Wiedergelesen: J´ ai tué ...
„Die Sonne ist den ganzen Tag über den Himmel
gewandert. Ich wollte sie für uns entzweischneiden. Ich hätte dir das größere
Stück überlassen, wie früher bei der Lammschulter.“
Ich habe
Emma S. getötet:
So heißt
das Buch der Autorin Emma Santos, das 1976 in der édition des femmes erschienen
ist und das mit dieser Selbstauslöschung einer obsessiv Liebenden endet: „In
dem Augenblick, als er am 2. Juli 1975 nicht zu der Verabredung beim Psychiater
gekommen ist, habe ich Emma S. getötet, Emma S., die Schriftstellerin, mit
einem vom MANN auferlegten Namen, seinem Namen, literarische und psychiatrische
Frau ...“. Emma S., ein Pseudonym – die Autorin ist tatsächlich ‚tot‘, im Sinne
der Rezeption zumindest: Kaum eine Spur von ihr im Internet, die irgendwann in
den 1940er Jahren geboren, und früh, 1983, gestorben ist.

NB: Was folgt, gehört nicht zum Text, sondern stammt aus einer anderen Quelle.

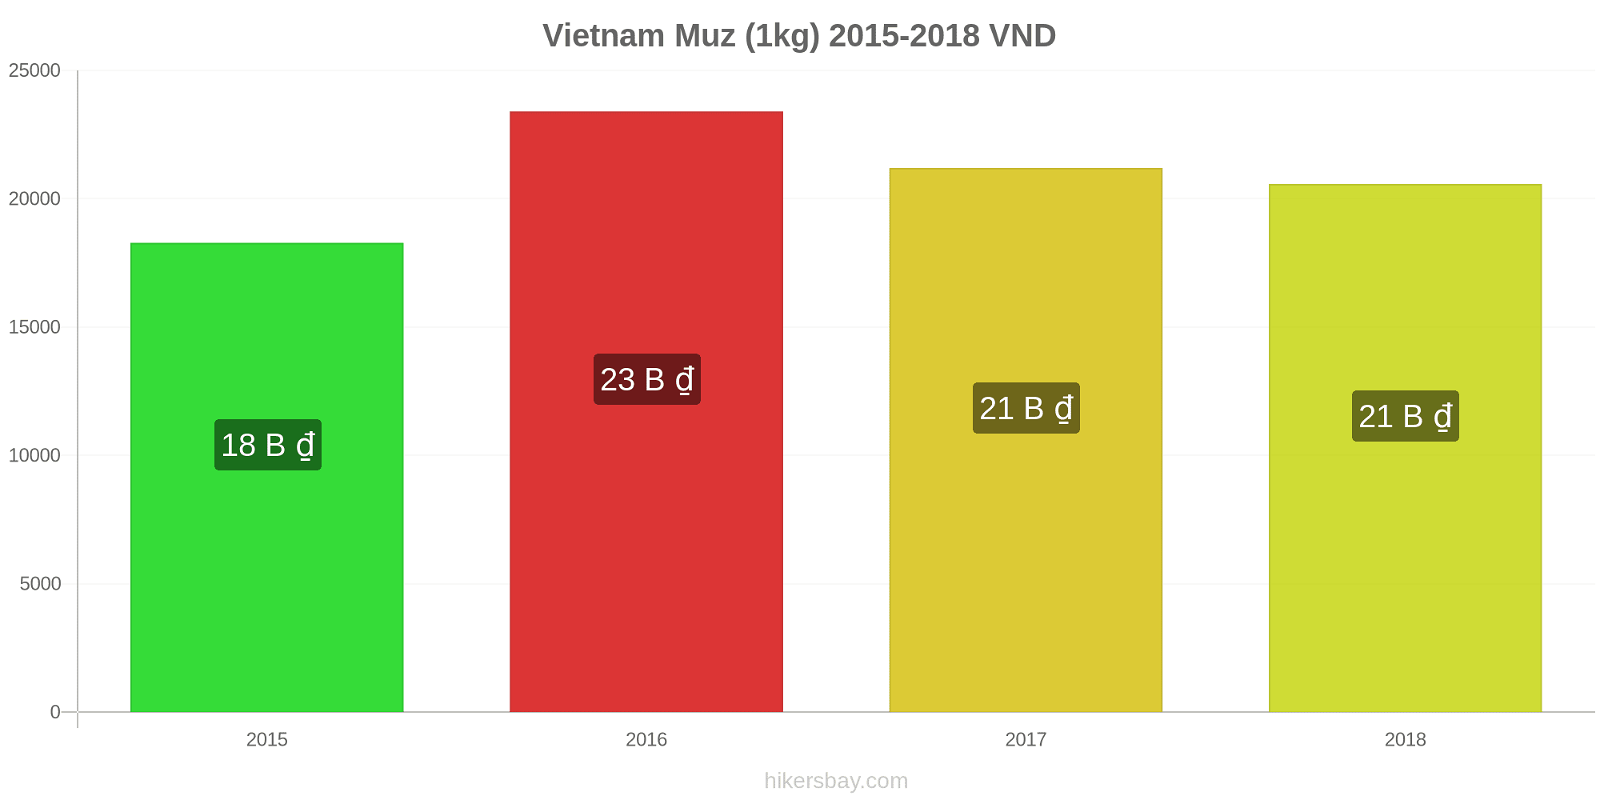 Vietnam fiyat değişiklikleri Muzlar (1kg) hikersbay.com

Die Bücher:
vergriffen.
Sicherlich,
vieles, was in „Emma S.“ steht, erinnert an die typischen Merkmale der 1970er
Frauenliteratur: die Frau als die unterdrückte, vom Mann gemachte, vom Mann und
der Gesellschaft als wahnsinnig abgestempelte Andere ... Abtreibung und Gebären
spielen zentrale Rollen, das Ringen um das Schreiben und das Ringen um den
weiblichen Körper – eng verknüpft. Die radikale Innerlichkeit und die
Larmoyanz, der intensive Verweis auf die eigene Autobiographie, das alles
befremdet heute.
Und doch
... Das Buch schildert den Sog des Begehrens mit wenigen Strichen: „Deine
Silhouette wie ein hüpfendes Kind, trotz deiner vierzig Jahre. Deine schmalen
Hüften und Dein starker Penis.“ – Und es entwirft eine poetische Annäherung an
die darunter lauernde Obsession: „Ich verwechselte dich mit der Krabbe, und
mein Körper heulte auf: Dich unter deiner Schale aus Härte platzen zu sehen,
deine Rinde abzuschälen“.
Mich
erinnerten zahlreiche Passagen an Ingeborg Bachmanns Malina ‒ thematisch,
bisweilen sogar sprachlich: Auch in „Emma S.“ geht es um Sprache und Identität,
Wahnsinn und Ausschluss der bürgerlichen Frau. Das Ich des Buchs wird von ihrem
Mann gedemütigt und verlassen, nach ihrer obsessiven Reaktion mit
Elektroschocks gequält, in geschlossene Räume gesperrt, schließlich der
deprimierenden Gleichförmigkeit einer „Tagesklinik“ überlassen, vor deren Toren
Männer darauf warten, die „wahnsinnigen“ Frauen ins Bett zu kriegen: „In den
letzten Tagen im psychiatrischen Zentrum ist es zu heiß und wir schleppen uns
herum wie an den letzten Schultagen vor den großen Ferien. Wir gehen in die
Kneipen. Wir versuchen, uns von den Proletariern im Café einen ausgeben zu
lassen ...“
Die
zeitgenössische Literaturkritik war gespalten, die ZEIT lobte 1978 zwar, dass
„die Geschichte Eindruck“ mache, „weil sie die zerstörerische Dimension von
Liebesbeziehungen durch das Ende begreifen lehrt“, konnte dem Buch ansonsten
aber wenig abgewinnen: „Emma Santos Sprache geht über das Klischee vom neuen, anderen
Schreiben nicht hinaus; sie gerät ihr zu einer nur noch prätentiösen
Unmittelbarkeit der kurzen Sätze, deren anspruchsvolle Simplizität schwer
erträglich ist.“
Diesem
Urteil schließe ich mich nicht an – es ist gerade die Knappheit der Sprache,
die „Unmittelbarkeit der kurzen Sätze“, die das Buch lesenwert macht und die
vielleicht heute sogar besser verstanden, ja, goutiert werden könnte – für die Bühne ist „J`ai tué Emma S.“ zumindest aktuell adaptiert worden. Und es gibt
eine schonungslose Selbstauslieferung von Autorin und Figur zu entdecken, die
der zeitgenössischen Literatur bisweilen fehlt.